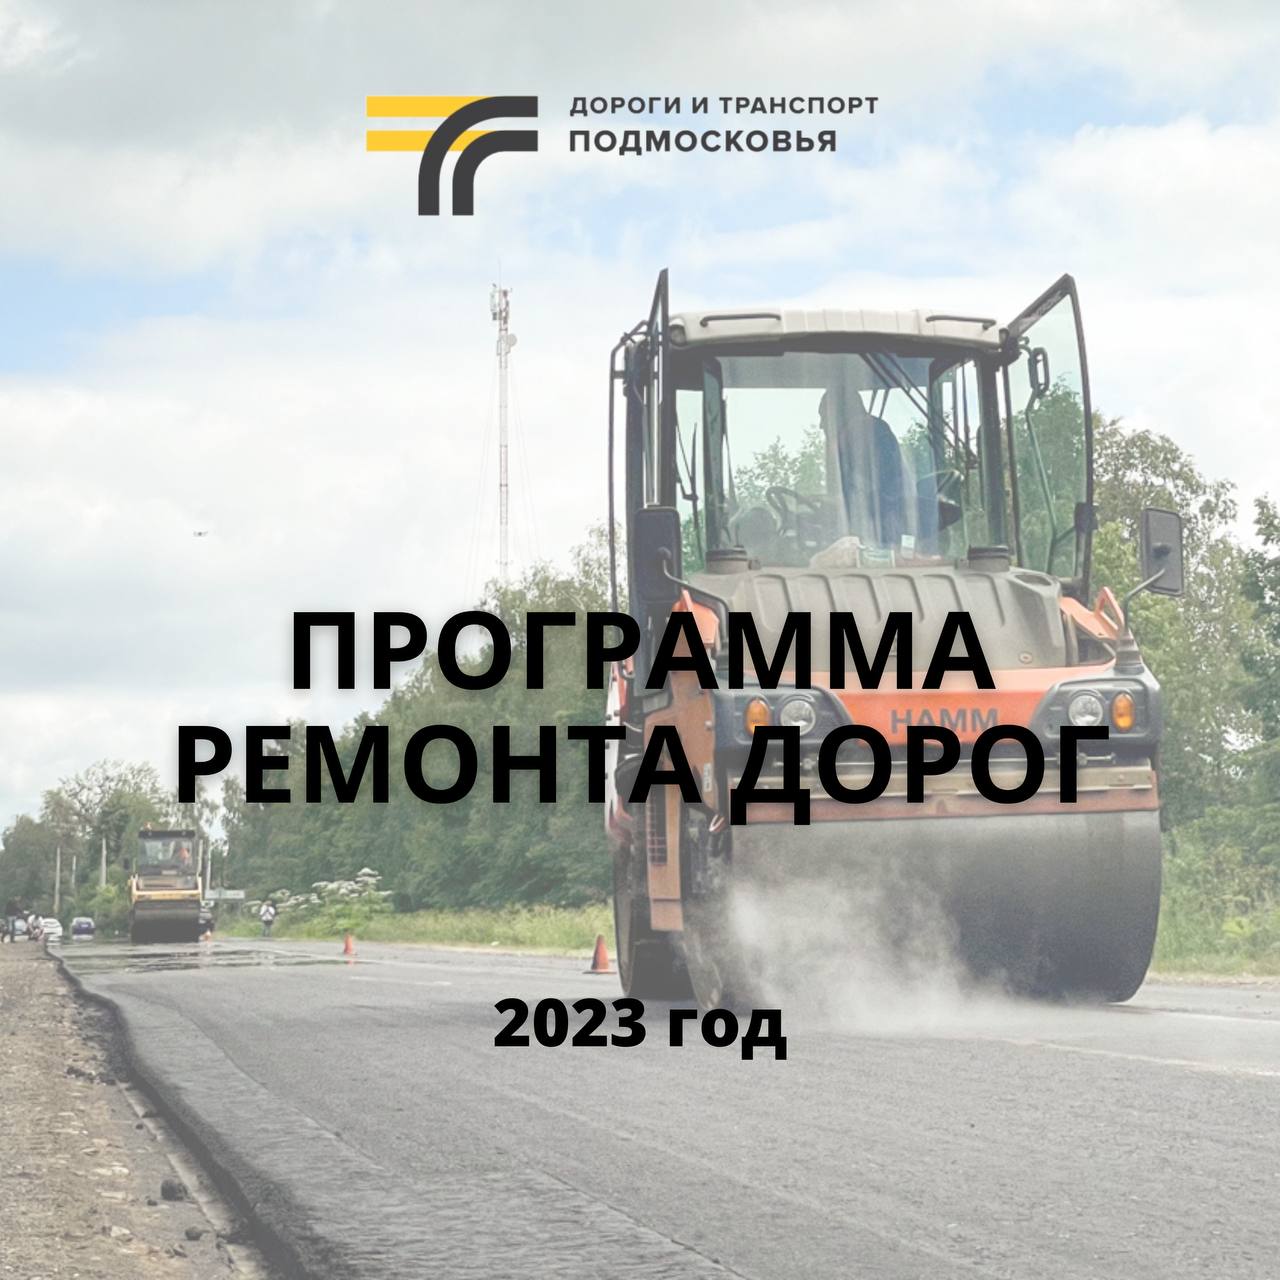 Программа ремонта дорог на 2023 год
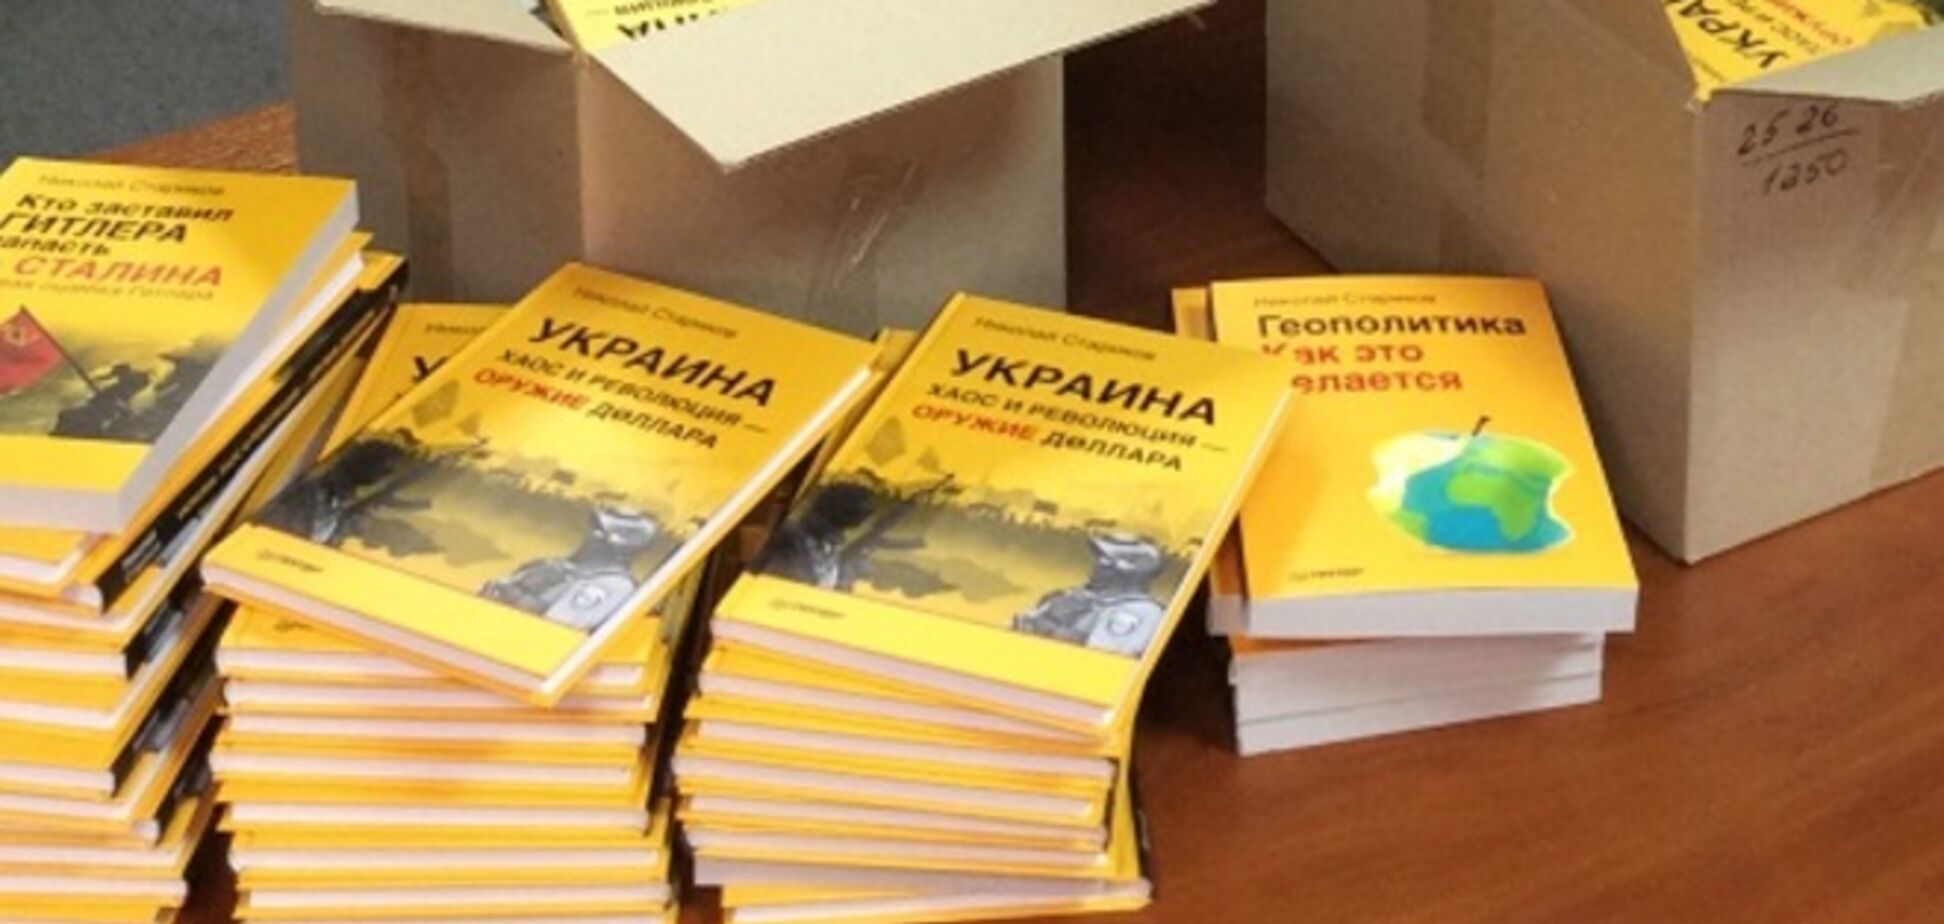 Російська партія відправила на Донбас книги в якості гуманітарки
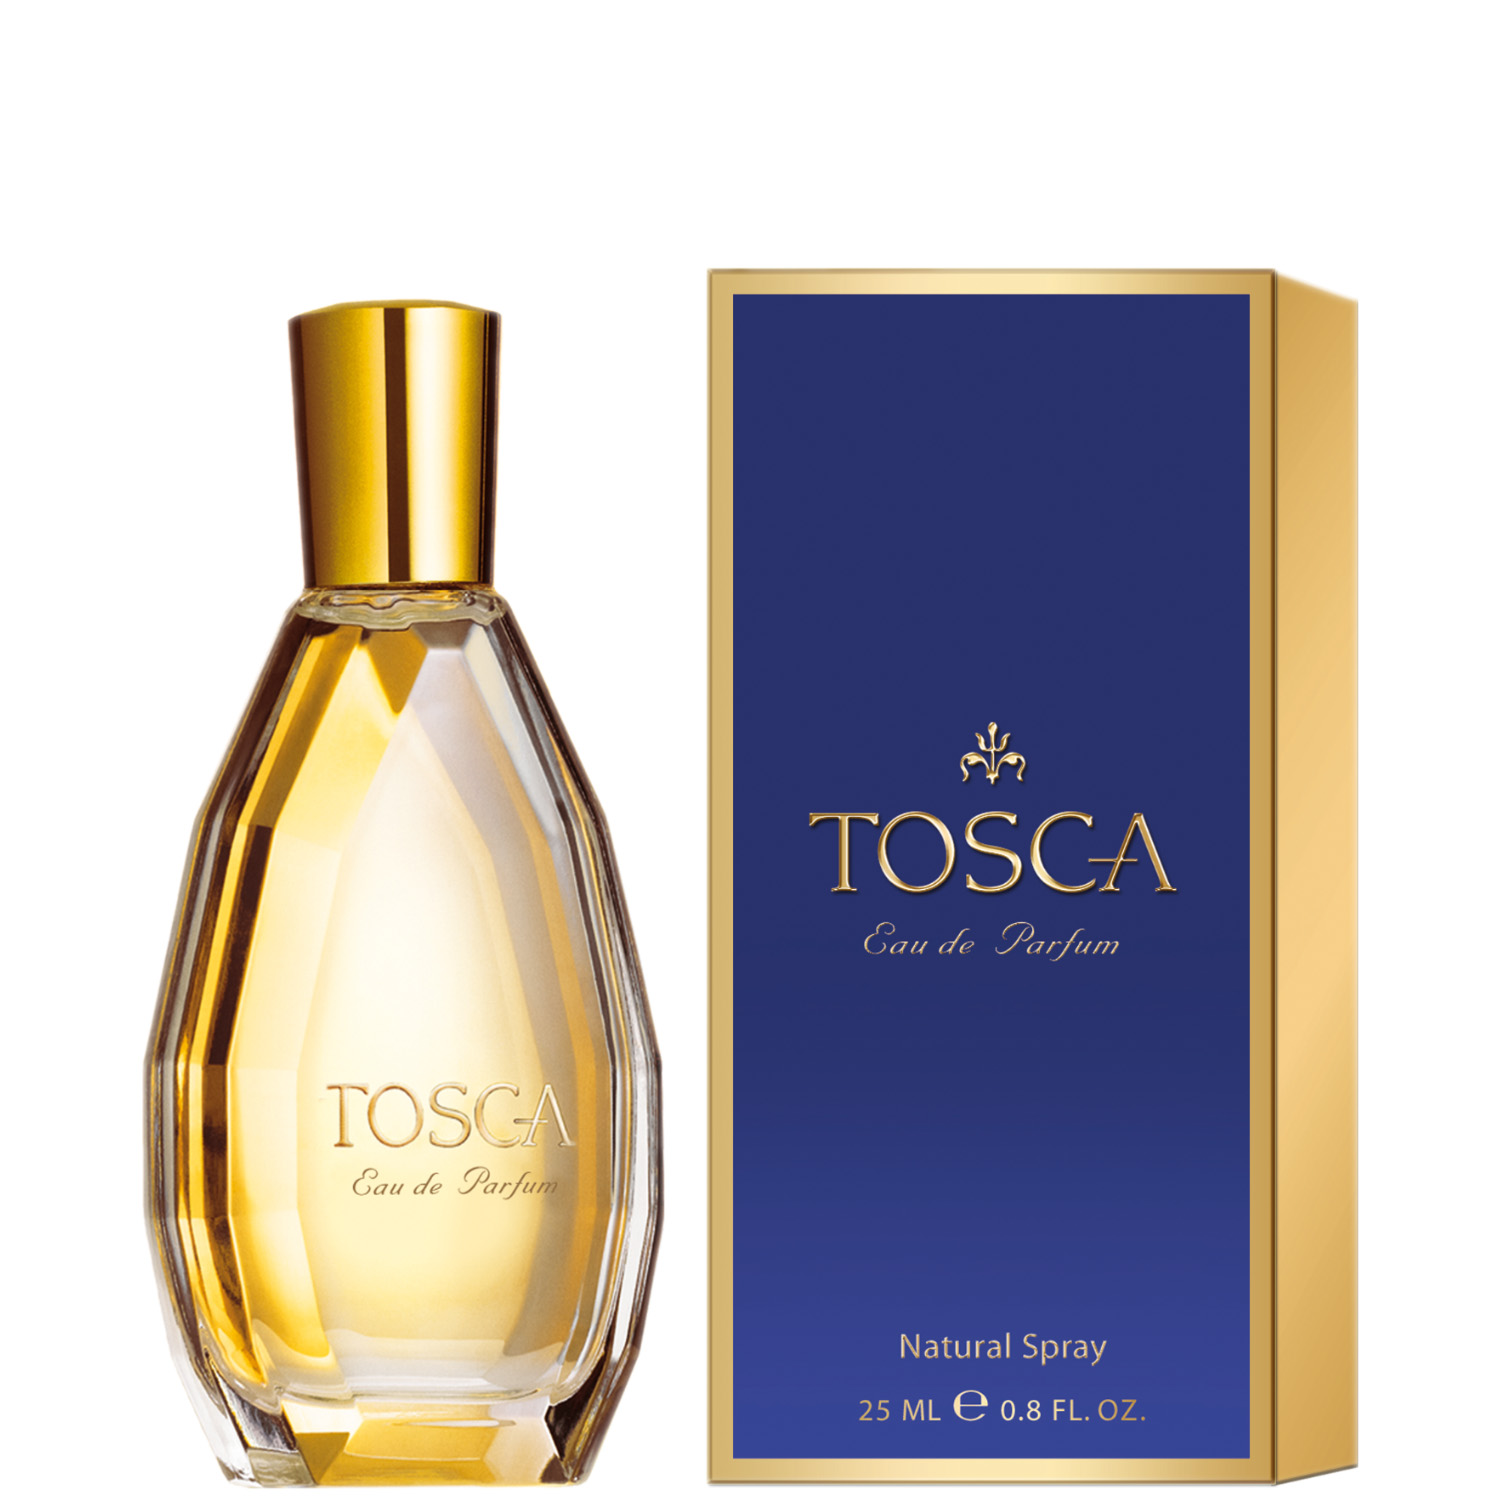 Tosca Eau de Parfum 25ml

====================

Apart from its pictures, the material above should be repeated exactly.

> **Answer for the task**
 Программа ремонта дорог на 2023 год
 Російська партія відправила на Донбас книги в якості гуманітарки
 Tosca Eau de Parfum 25ml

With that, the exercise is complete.